Махов А. Б.
Шрифт:
— Ты ведь не назовёшь женщину красивой только потому, что у неё правильный нос или красивые руки? Она красива, когда в ней всё пропорционально. А откуда проистекает её красота? Задумайся, и ты увидишь — из души.
Он оглядел стоящих прихожан и продолжил свою мысль:
— Поставьте рядом двух женщин одинаковой красоты. Одна из них добра, непорочна и чиста, другая — блудница. Вы увидите, что первая вся светится как святая, и на неё обратятся взоры всех, не исключая даже людей, жаждущих только плотских наслаждений! Прекрасная душа сопричастна красоте божественной и отражает свою небесную прелесть в теле любого человека.

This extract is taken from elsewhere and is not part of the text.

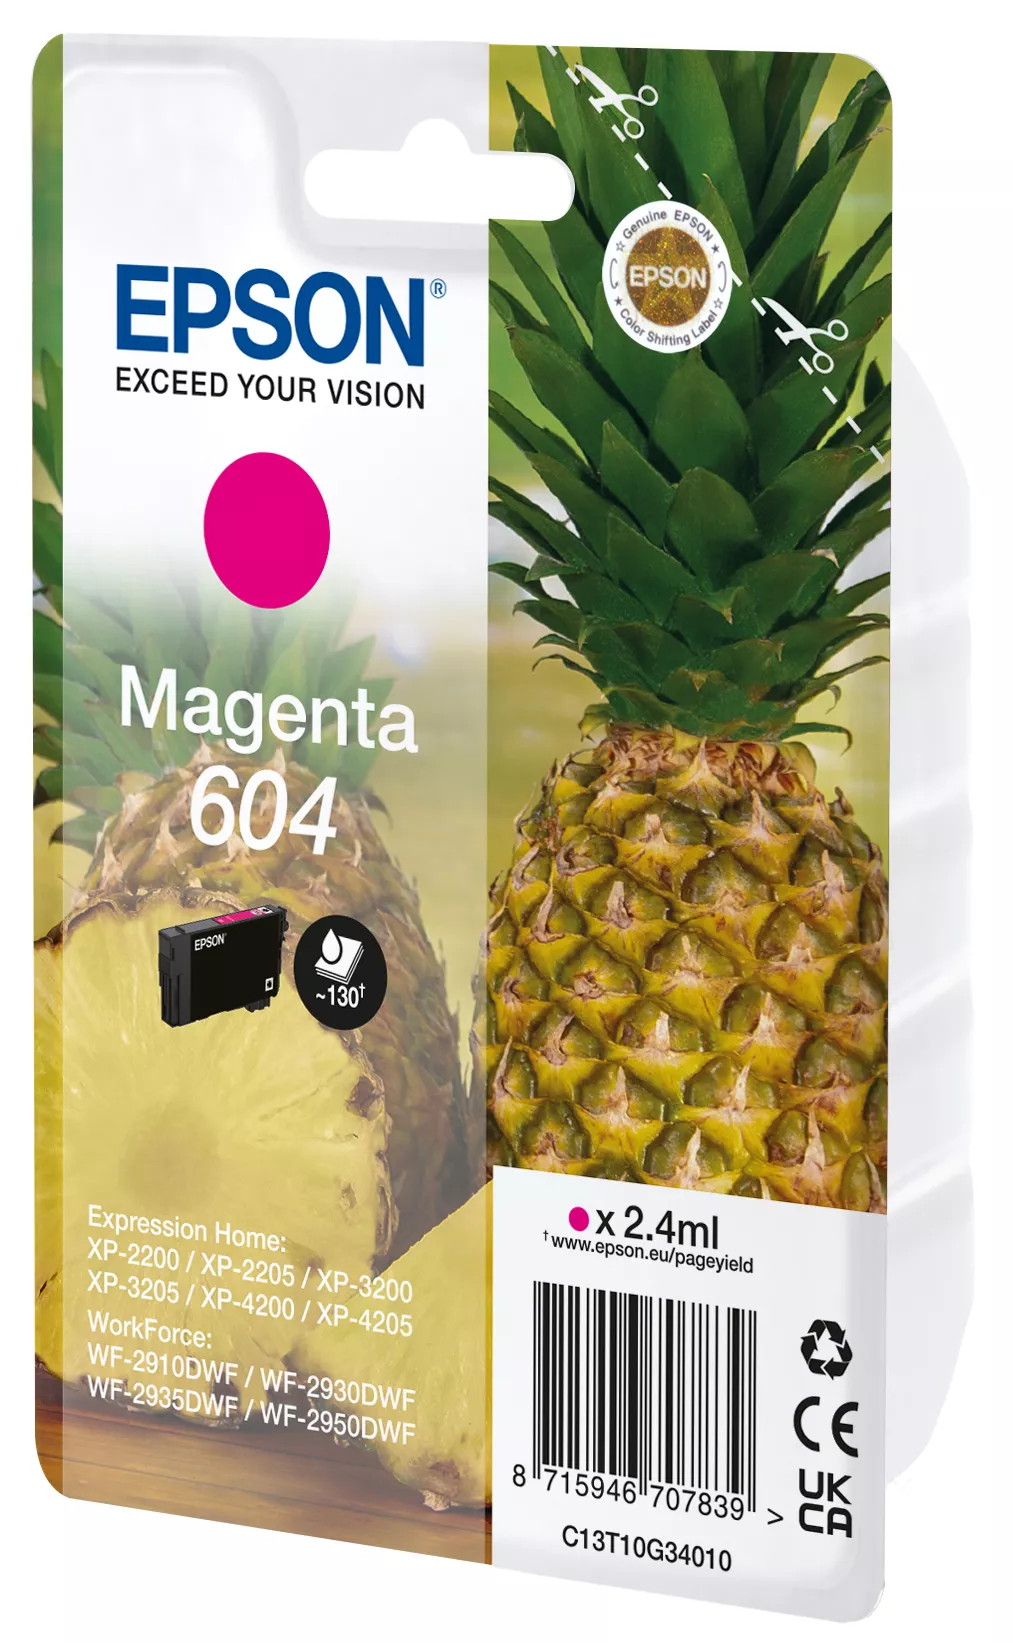 Achat EPSON Singlepack Magenta 604 Ink au meilleur prix

Такое Микеланджело уже приходилось слышать из уст Фичино и Полициано, часто ссылавшихся на Платона. Ему было непонятно, в чём различие позиции его старших друзей из «платонической семьи» и высказываний доминиканского проповедника. Ведь все они ратуют за красоту духовную, не забывая при этом о красоте телесной; для них материя вторична, а дух владычествует над ней.

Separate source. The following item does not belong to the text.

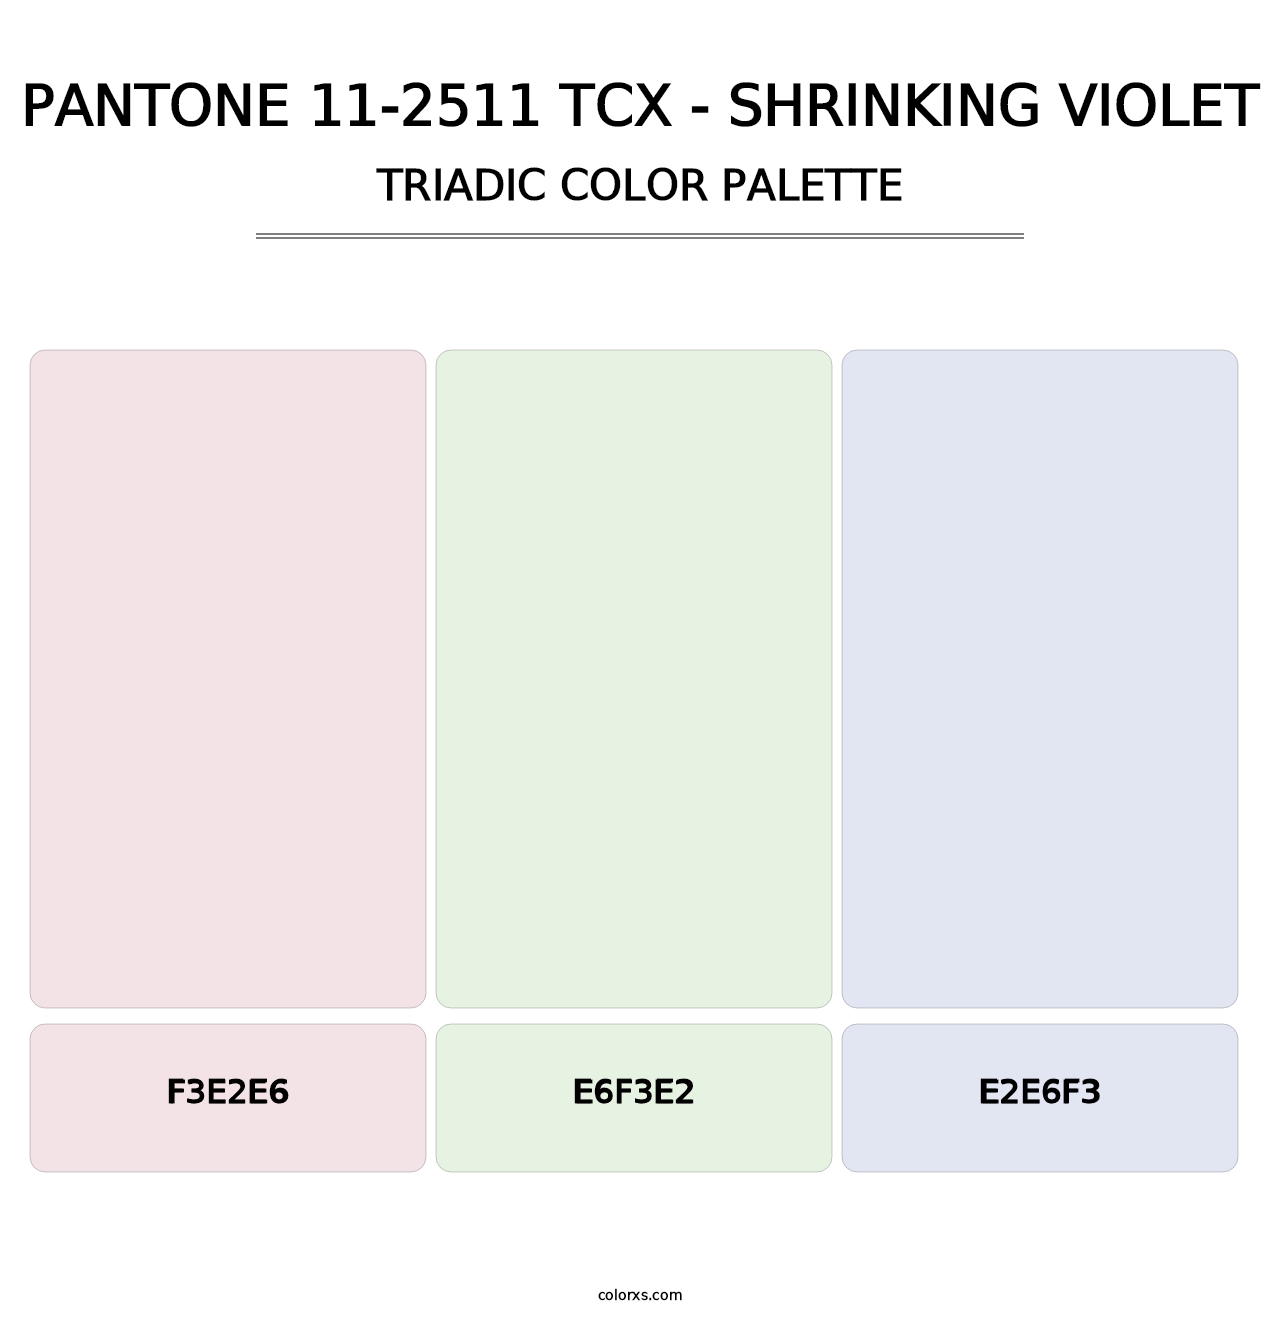 PANTONE 11-2511 TCX - Shrinking Violet - Triadic Color Palette

Микеланджело захотелось тоже подойти к Савонароле и задать ему несколько волнующих его вопросов, но помешала врождённая застенчивость. Прислушиваясь к высказываниям проповедника, он стал записывать их, находя много созвучного собственным мыслям и чувствуя в нём родственную душу.
В одной из проповедей фра Джироламо заявил:
— Хочу напомнить вам слова одного из почитаемых учителей церкви святого Иеронима: «Poenitentia est secunda tabula naufragium» — «Покаяние есть вторая доска после кораблекрушения». В нашем житейском море на каждом шагу нас подстерегают роковые волны соблазна, мирские и плотские испытания. Только та самая спасительная доска, а именно покаяние поможет нам не сгинуть во время бури и спасти наши грешные души.
«А как бы ответил Савонарола, — подумал Микеланджело, — на вопрос казненного римского философа Боэция?» Но такого ответа он не услышал ни в одной из проповедей монаха.
Однажды он увидел, как в монастырской церкви Сан Марко появился со свитой Лоренцо Великолепный. Прихожане почтительно расступились, чтобы пропустить вперёд первого гражданина города, но тот остался в глубине и простоял до конца мессы, хотя ему не раз предлагали присесть, освобождая место.
После мессы, взойдя на амвон, Савонарола обратился к пастве с обычной проповедью, в которой, как всегда, гневно выступил против деспотизма правления, продажности чиновников, непомерного налогового бремени.
— А тем временем просвещённая часть общества, — продолжил он, — делает вид, что не замечает бедствий униженного народа, лишённого всех прав и живущего в условиях тиранического режима. Доколе же терпеть произвол и беззаконие?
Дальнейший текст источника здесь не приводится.